Sept heures sonnent, la chaussée commence à s’emplir de monde, la brume s’est déchirée, le ciel n’a plus ses teintes de paille et de rose, mais il arbore le bleu tendre des turquoises, les haquets sautent, les fardiers gémissent et tressaillent, les fiacres courent, clopin-clopant, les femmes en bonnet s’arrêtent et devisent, la pissotière chante doucement, le café de la vieille est épuisé, elle pare sa marchandise pour l’après-midi, met des toques de papier blanc à l’un des bouts de ses sucres d’orge, époussette ses hideuses mangeailles et rit au nez d’un pochard qui bouffonne et la veut baiser.
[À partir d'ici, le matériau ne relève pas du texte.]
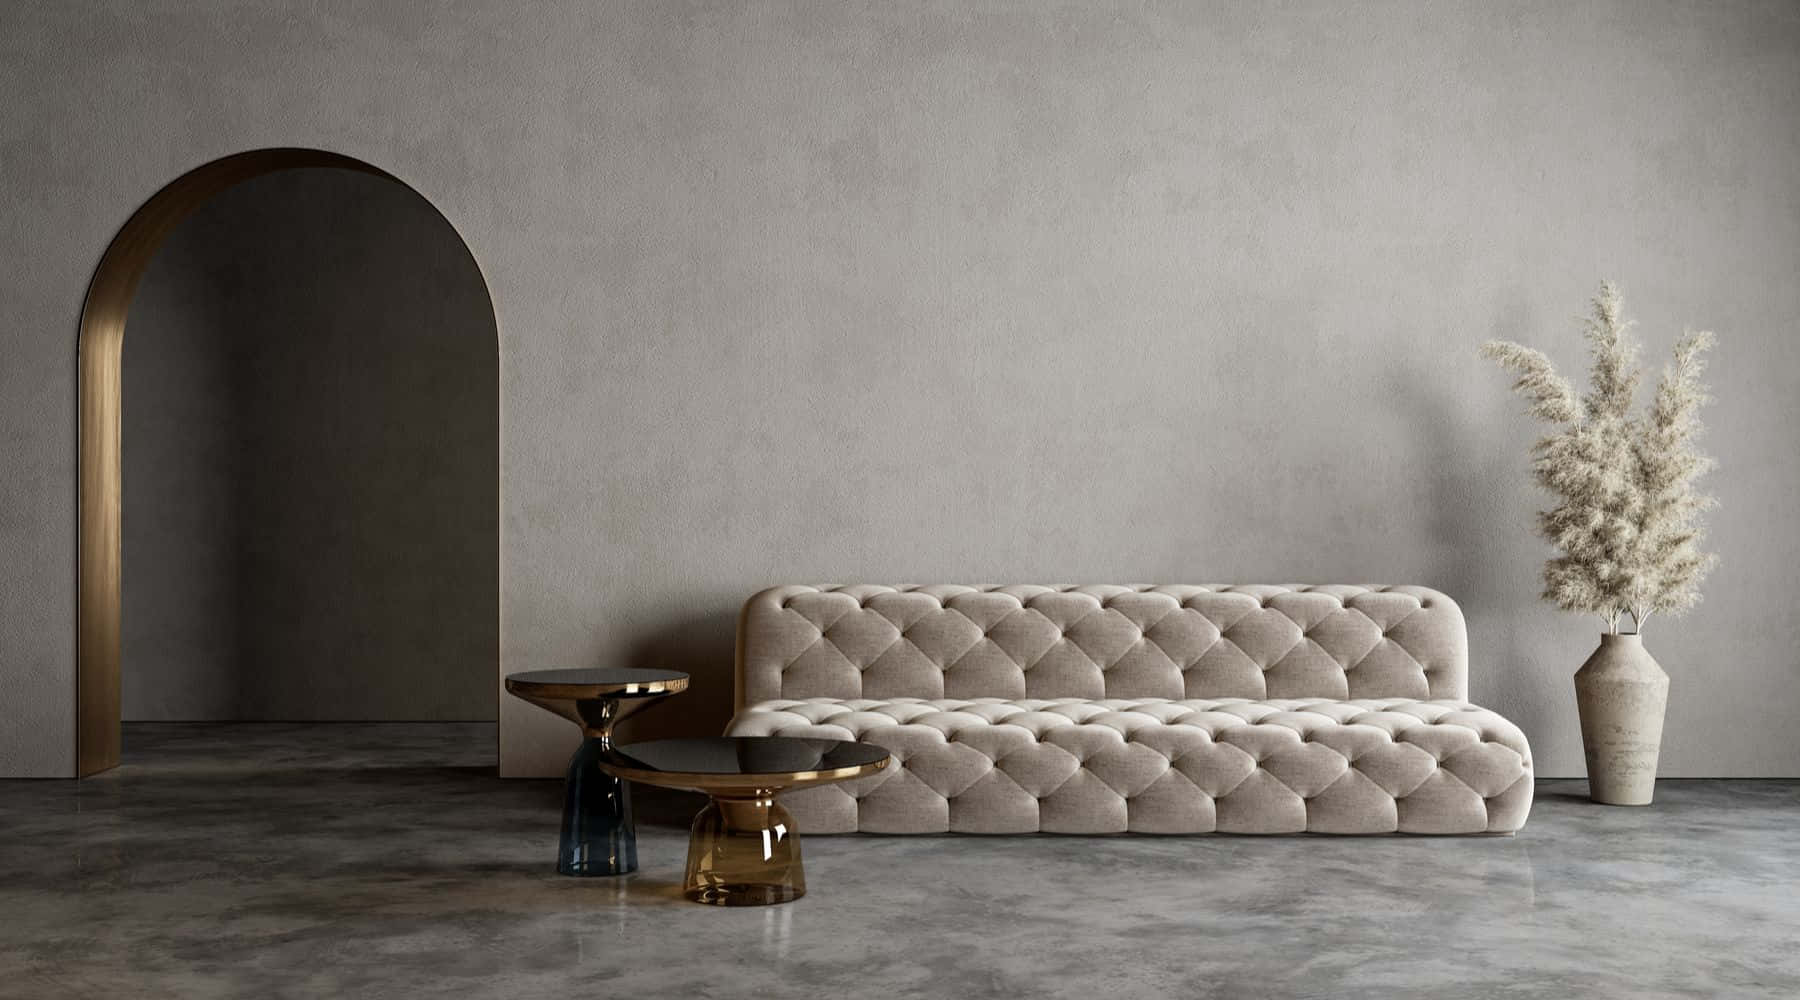 Make your living room look modern with an elegant gray couch

La ville est debout. Les enfants vont sortir; au mitan du jour, ils s’enfonceront dans la gorge les affreux suçons à l’absinthe et leur coeur se brouillera, et, le soir, au dîner, ils se refuseront à manger l’insipide panade!
O vieille hommasse, vendeuse de petit noir, joie des matins qui s’éveillent! ta tâche est accomplie; tu as réchauffé les matineux pauvres et tu as rompu la monotonie des ménages par les hurlements des mioches que l’on gifle pour n’avoir pas voulu, grâce à tes friandises, avaler l’assiette de soupe chaude.